Когда всадник осадил коня, дверь харчевни отворилась, и на пороге показался хозяин с фонарем в руке.

Было то неопределенное время дня, когда на дворе еще светло, а в домах уже сгущается тьма.

II

ДОЛЬ

Доль, «испанский город Франции в Бретани», как значится в старинных грамотах, вовсе не город, а улица. По обе ее стороны тянутся ломаной линией дома с деревянными колоннами, и поэтому широкая средневековая улица образует то выступы, то неожиданные повороты. Остальная часть города представляет лабиринт улочек, отходящих от главной улицы или вливающихся в нее, как ручейки в речку. Доль не обнесен крепостной стеной, не имеет крепостных ворот, он открыт со всех четырех сторон и расположен у подножия горы Мон-Доль; город, само собой разумеется, не может выдержать осады; зато осаду может выдержать его главная улица. Выступающие вперед фасады домов — такие можно было видеть еще полвека тому назад — и галереи, образованные колоннами, вполне пригодны для длительного и успешного сопротивления. Что ни здание, то крепость, и неприятелю пришлось бы брать с бою каждый дом. Рынок находился почти в середине городка.

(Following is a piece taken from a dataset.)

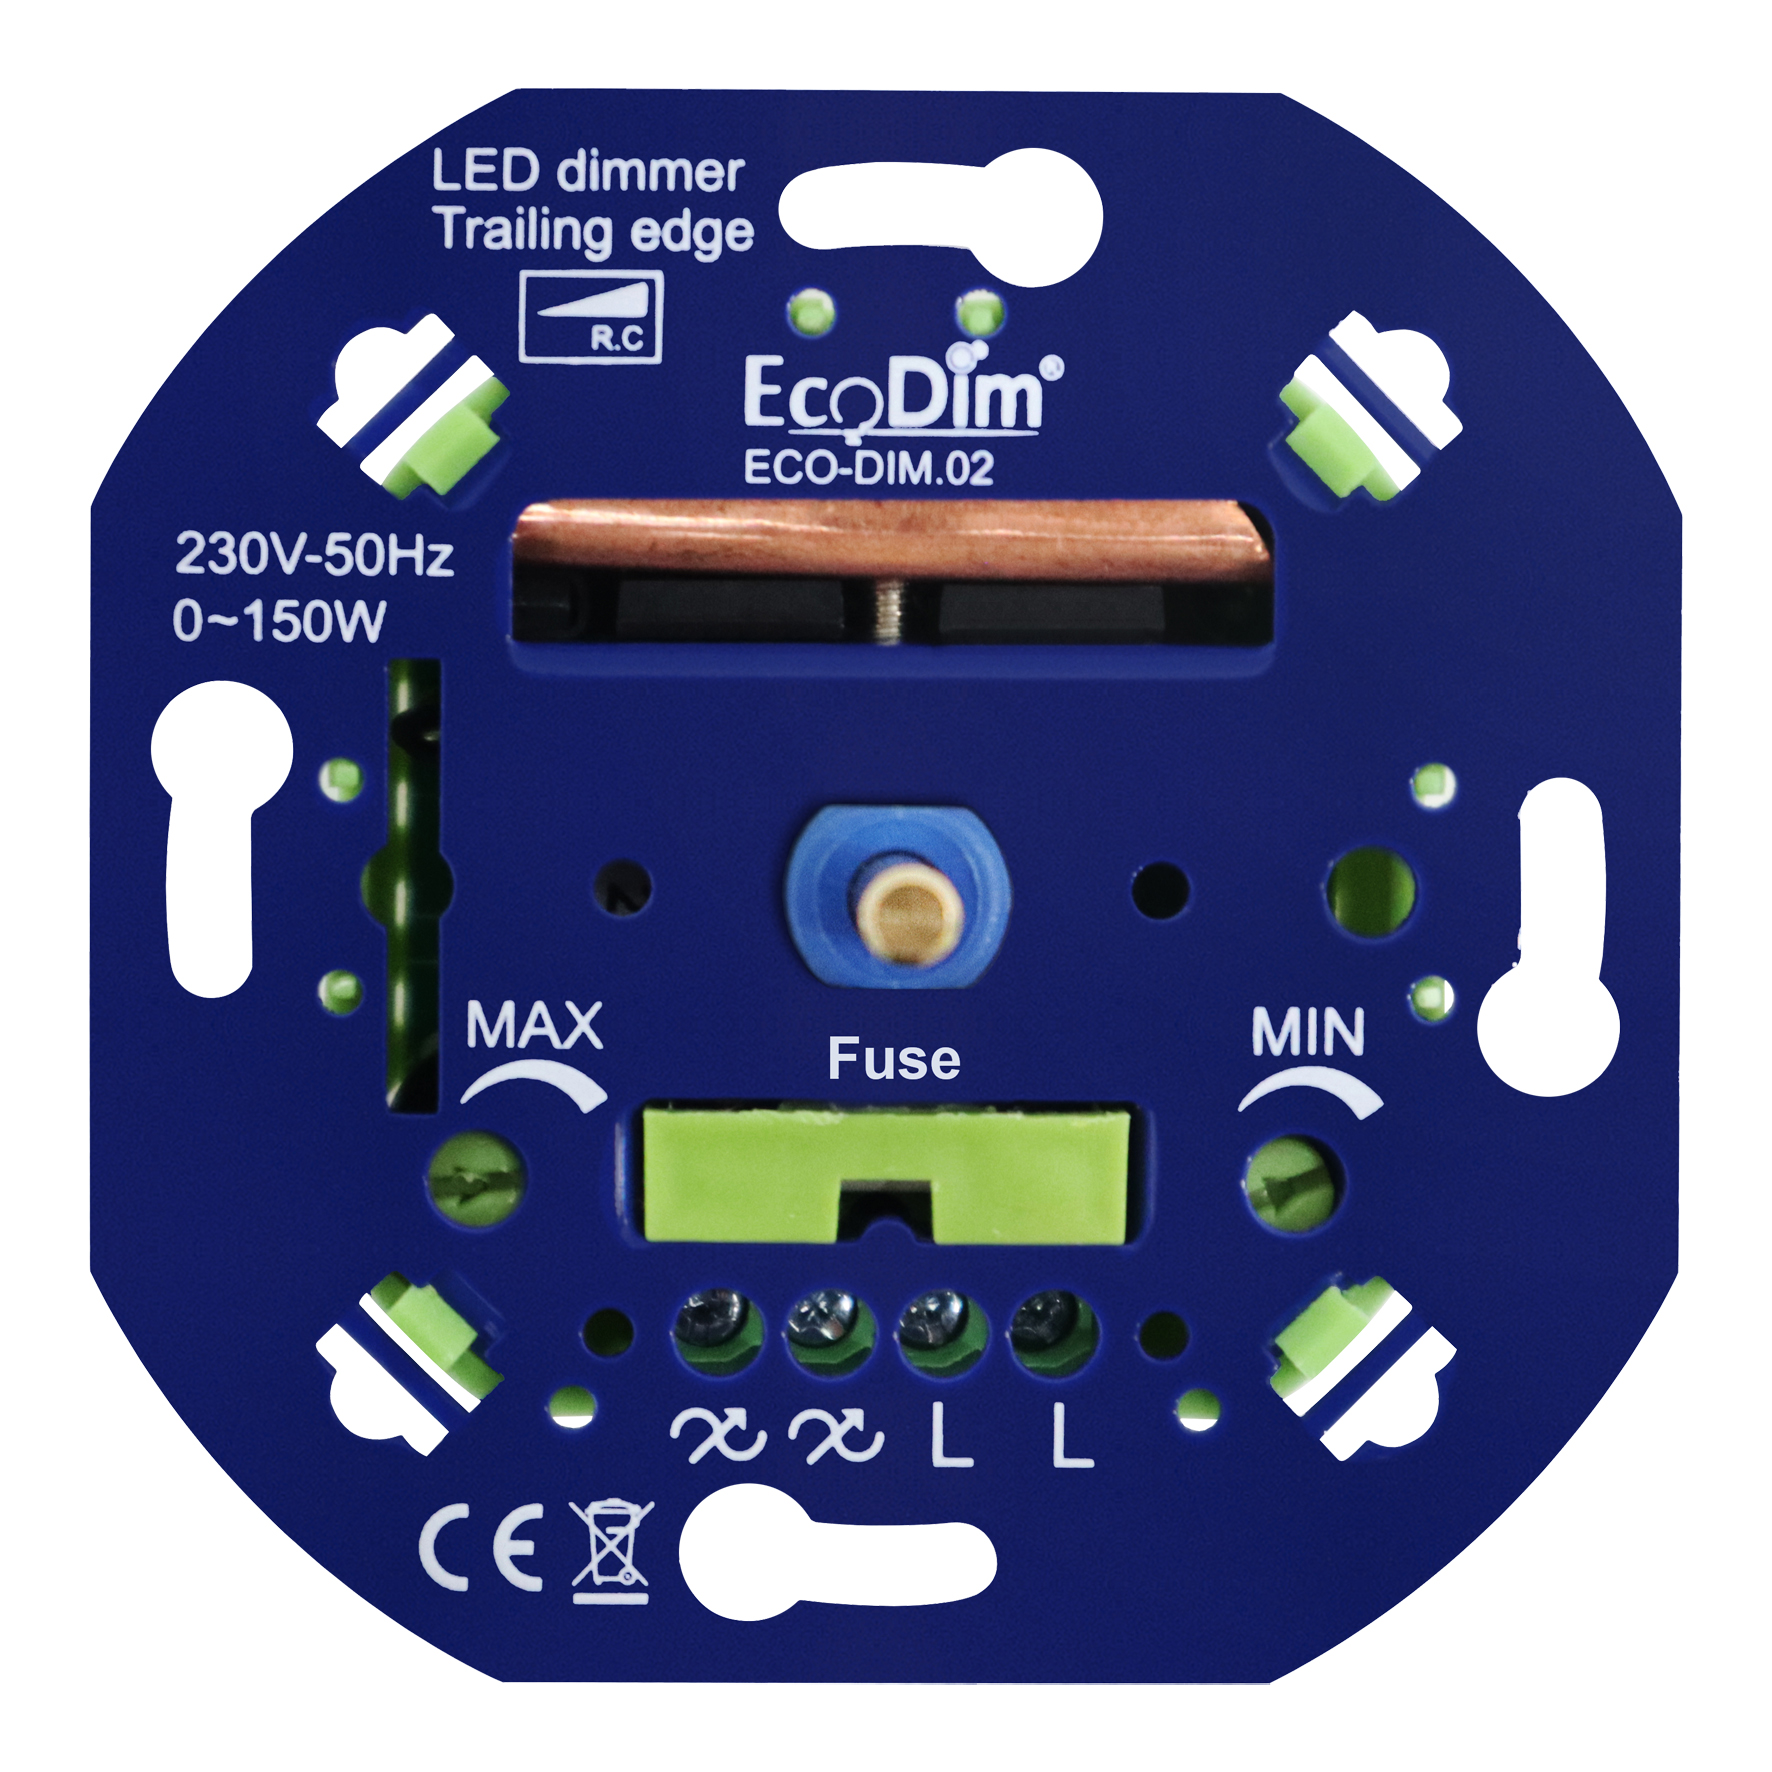 EcoDim ECO-DIM.02 LED Dimmer 0-150W Phase Cut (RC)

Трактирщик из Круа-Браншар не солгал: пока он беседовал с приезжим, в Доле шел жаркий бой. Между белыми, пришедшими сюда поутру, и подоспевшими к вечеру синими внезапно завязался ночной поединок. Силы были неравны: белых насчитывалось шесть тысяч человек, а синих всего полторы тысячи, зато противники были равны яростью. Достойно упоминания то обстоятельство, что нападение повели именно полторы тысячи человек, атаковав шесть тысяч.

С одной стороны — беспорядочная толпа, с другой — фаланга. С одной стороны — шесть тысяч крестьян, в кожаных куртках с вышитым на груди Иисусовым сердцем, с белыми лентами на круглых шляпах, с евангельскими изречениями на нарукавных повязках и с четками за поясом; у большинства вилы, а меньшинство с саблями или с карабинами без штыков; они волочили за собой на веревках пушки, были плохо обмундированы, плохо дисциплинированы, плохо вооружены, но сущие дьяволы в бою. С другой стороны — полторы тысячи солдат в треуголках, с трехцветной кокардой, в длиннополых мундирах с широкими отворотами, в портупеях, перекрещивающихся на груди. Вооруженные тесаками с медной рукоятью и ружьями с длинным штыком, хорошо обученные, хорошо держащие строй, послушные солдаты и неустрашимые бойцы, строго повинующиеся командиру и при случае сами способные командовать, тоже все добровольцы, но добровольцы, защищающие родину, все в лохмотьях и без сапог; за монархию — мужики-рыцари, за революцию — босоногие герои; и оба отряда, столкнувшиеся в Доле, воодушевляли их командиры: роялистов — старик, а республиканцев — человек в расцвете молодости. С одной стороны Лантенак, а с другой — Говэн.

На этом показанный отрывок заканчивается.